A propósito, justamente, de las dificultades y crecientes desafíos en materia de crianza y cuidado de las nuevas generaciones, se publicó hace poco en el Reino Unido, el resumen y conclusiones de un informe independiente –realizado por una agrupación de madres, desde la sociedad civil- que explora la situación de la infancia, su sexualización, su uso comercial y en la publicidad, el impacto que tiene la industria musical y del video, y la presencia en televisión de contenidos sexuales en cualquier horario.
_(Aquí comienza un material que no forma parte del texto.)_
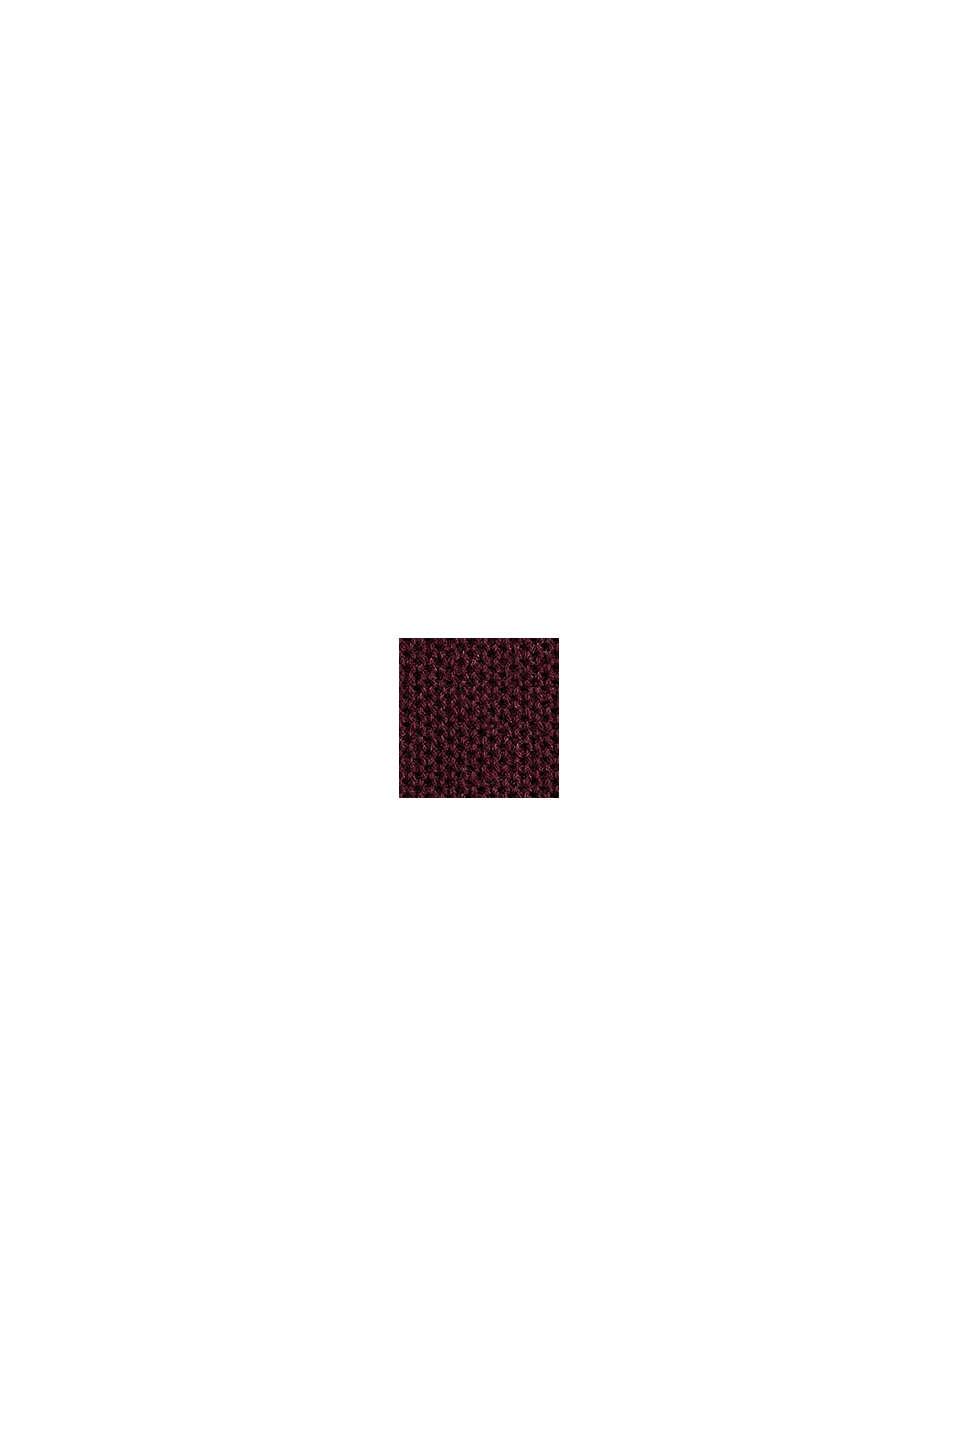 Pull-over en maille piquée, 100% coton, BORDEAUX RED, swatch

La apelación del Bailey Report es al mundo adulto, especialmente a las empresas y los medios, y a las autoridades, para que asuman su parte de responsabilidad frente a la cultura cada vez más sexualizada que rodea a la infancia, y que impacta su construcción de identidad –un proceso que lleva años-, que impone presiones desde estereotipos y expectativas sobre cómo deben comportarse o verse niños y niñas, que confunde nociones sobre la belleza –un territorio diverso y vasto- y las reduce a mandatos que terminan siendo autodestructivos para millones de niñas y adolescentes en el mundo; o que presenta “soluciones” fáciles, aun a costa de sacrificios identitarios o de la propia integridad sexual, a muchas/os adolescentes que ven en ciertas actividades no sólo una forma de vivir vidas glamorosas, sino de escapar de la pobreza, asumiendo que ciertas trayectorias o sueños implican “ciertos sacrificios” –explotación laboral, abusos, acosos sexuales, etc.- y esas son “las reglas del juego”. ¿Cómo desactivar lo que se ha ido naturalizando, los abusos que pasan inadvertidos, la aquiescencia a un modelo que no tiene problema en utilizar y sacrificar incluso a los niños?
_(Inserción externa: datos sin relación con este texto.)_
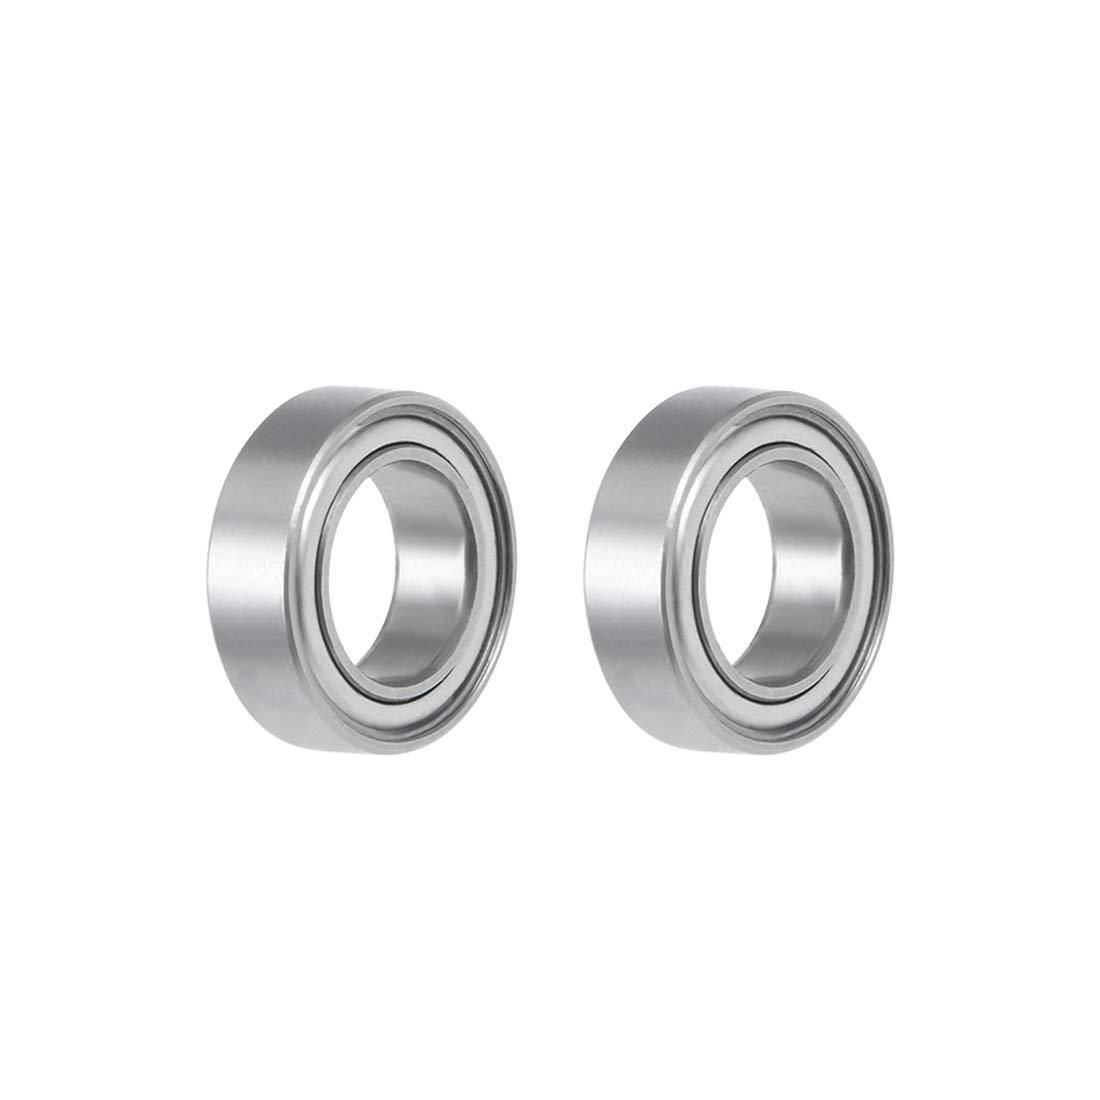 2 PCS ABEC-7 6x10x3 mm 440c Stainless Steel CERAMIC Ball Bearings SMR106-2RS

La preocupación no es exagerada; es la respuesta normal frente a asedios que comprometen una etapa vulnerable y determinante para cada ser humano como es la niñez. En esta línea, iniciativas de la sociedad civil, como el reporte Bailey, apenas intentan proponer o definir criterios que son bastante básicos, además de realizables, por ejemplo: establecer límites de edad que sean incluidos en videos musicales y videojuegos, tal como ya existe en las películas; solicitar a medios impresos evitar en portada, contenidos sexualmente explícitos y/o violentos; facilitar a las familias el bloqueo de contenidos en dispositivos como computadores, celulares, etc; producir una guía para la industria del retail y modas en relación a la publicidad, diseño y mercadeo de vestuario, accesorios y otros productos para niños y niñas; limitar avisaje en espacios públicos con imágenes sexualizadas a las que pueden ser expuestos un gran número de niños, sobre todo en áreas cercanas a jardines infantiles, escuelas y plazas; restringir o prohibir el empleo de adolescentes menores de 16 años como embajadores o representantes de marcas, y promover una mayor consciencia parental –vía educación en escuelas, o medios de comunicación- en relación al marketing y publicidad dirigido a niños y niñas. Adicionalmente, se propone la creación de un solo sitio web para sugerencias y reclamos en relación a programas de TV, publicidad, etc., conflictivos para la protección del interés superior de niñas y niños.

En Chile, hay conversaciones que apenas comienzan y que posiblemente llevará tiempo amplificar y traducir en estándares exigibles de cuidado. Tenemos una inmensa oportunidad. El autoexamen personal, familiar, en las instituciones, en nuestra democracia, puede alumbrar nuestros puntos ciegos o borrosos , tanto como nuestras prioridades, creatividades. Nuestra necesidad de aprender tanto todavía, no solos, sino juntos, desde un enfoque de derechos, y desde la cotidianeidad de nuestros hijos e hijas, para poder acompañarlos mejor en estos tiempos, sin dejar de respetar el tiempo de la niñez.